The segmentation results of the Table 3 methods are shown in Figure 11. Swin-Unet has limited ability to detect small targets, leading to a disregard for the categories with small proportion, such as bare land and buildings. Comparatively, Gswin-Unet reduces segmentation errors for geometrically complex and high-similarity features—including road, water in river, forest and agricultural land. In row 2, due to similar colors, other methods mistakenly identified “Agricultural land” as “Forest” and “water” as “forest”, while our Gswin-Unet made comparatively precise judgments.Furthermore, the example in row 4 shows that Gswin-Unet demonstrates superior efficacy in complex textured scenes and specific shaped ground objects, such as interwoven and nested forest, agricultural land, and roads.

5.5.2. Results on NIRRG Forest Dataset

Segmentation performance of each method on the NIRRG Forest dataset is reported in Table 4. GSwin-Unet achieves 72.92% MIoU and 84.3% Ave.F1, surpassing all other methods. Owing to distinct spectral compositions, segmentation accuracy on the NIRRG Forest dataset is slightly lower than that on the GRB Forest dataset. However, the mean IoUs of forest, water and road in the methods involved in Table 4 are 65.41%, 73.62% and 68.45% respectively, which are higher than those on the RGB dataset (65.19%, 67.24%, and 66.60 respectively). This demonstrates the advantages of near-infrared in vegetation and water recognition. It should be pointed out that Swin Unet is nevertheless inferior to CNN-based models, while TransUNet with hybrid structure has higher segmentation accuracy than CNN-based models in Table 4. This confirms that the ability to model both local details and global context is equally important for large-scale forest remote sensing images. Compared with Swin-Unet, GSwin-Unet increases MIoU by 6.79% and Ave.F1 by 4.72%. Compared with other methods, our GSwin-UNet improves segmentation performance for every category except for agricultural land and water: the segmentation performance of water is slightly lower than TransUnet, and the segmentation performance of agricultural land is lower than Unet and DeepLab V3+. This may be due to the limitation of the model in distinguishing local detail features.

Figure 12 visually presents the segmentation results.
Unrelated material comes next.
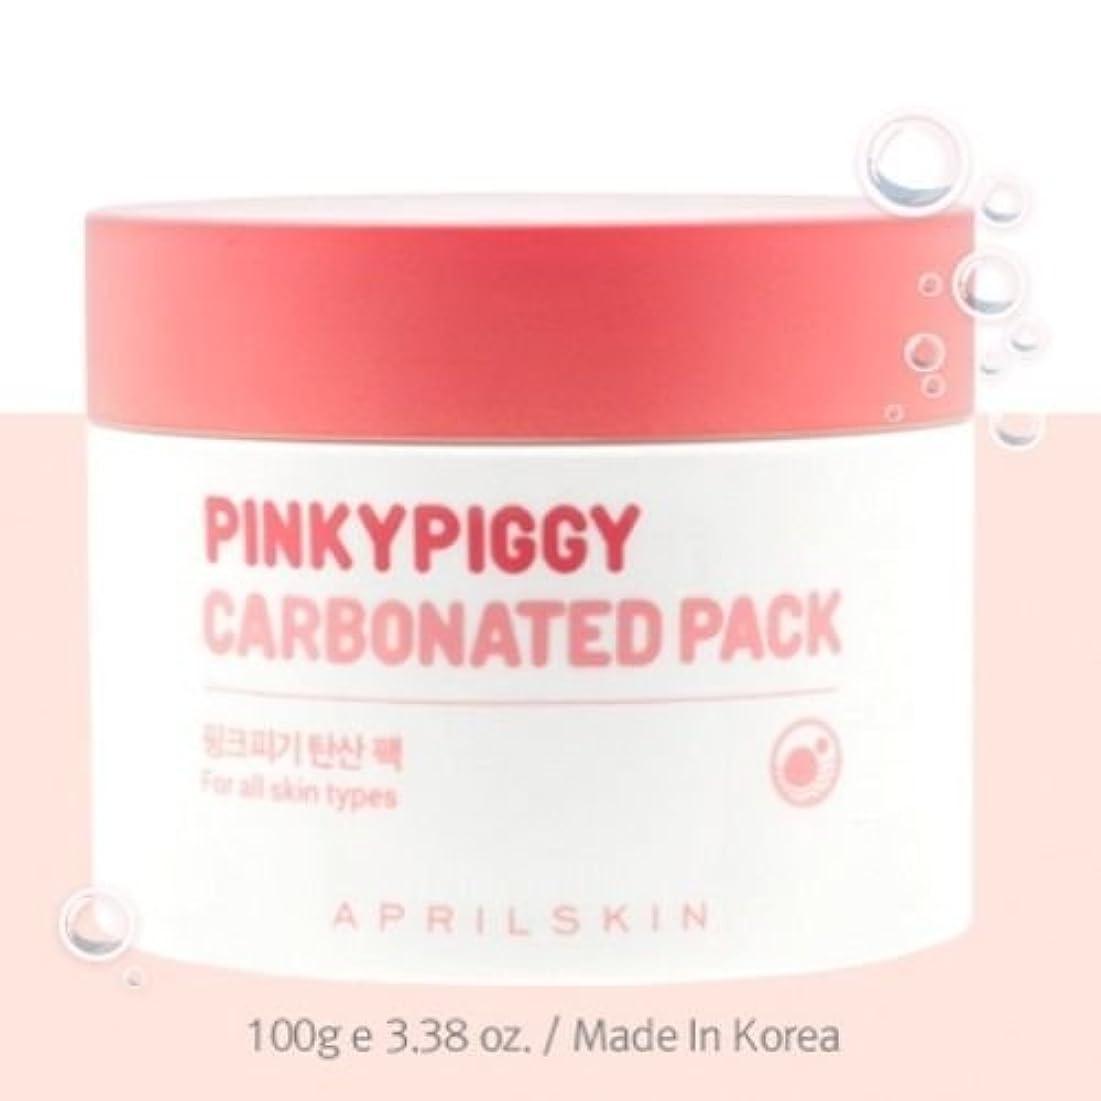 シュート代わりにを立てる原点April Skin Pinky Piggy Carbonated Pack 100g(3.38oz)/100% Authentic Direct from Korea [並行輸入品]

In rows 1-2, compared with corresponding rows in Figure 11，the methods mentioned in Table 4 can better distinguish “Agricultural land” and “Water” in the “Forest” due to the marked spectral discriminability between “Agricultural land” and “Water” in NIRRG imagery, and the contours recognized by the GSwin-Unet method are clearer. In row 3, “Forest” and “Agricultural land” have alike colors, and because of the specific angel of sunlight exposure, the “Forest” with high brightness is prone to be misclassification as “Agricultural land”. By aggregating discriminative features from both local neighbor nodes and global contextual texture features, GSwin-Unet maintains relatively accurate inference performance in this scenario. In row 4, our model better distinguishes between “Forest” and “Agricultural land”.

5.5.3. Efficiency Analysis

The parameters and inference speed of the methods for comprehensive comparisons are listed in Table 5. In the table, “Speed ”refers to the model’s image processing rate per second, measured in FPS (frames per second). Regarding speed (computational efficiency), models with pure CNN structures are generally faster than models with transformer or Swin transformer block. Specifically, our proposed GSwin-Unet achieves only 8 FPS on the RGB Forest dataset and 9 FPS on the NIRRG dataset. Furthermore, as GSwin-UNet adopts a parallel hybrid architecture combining UNet and Swin transformer, its parameter count exceeds that of other methods.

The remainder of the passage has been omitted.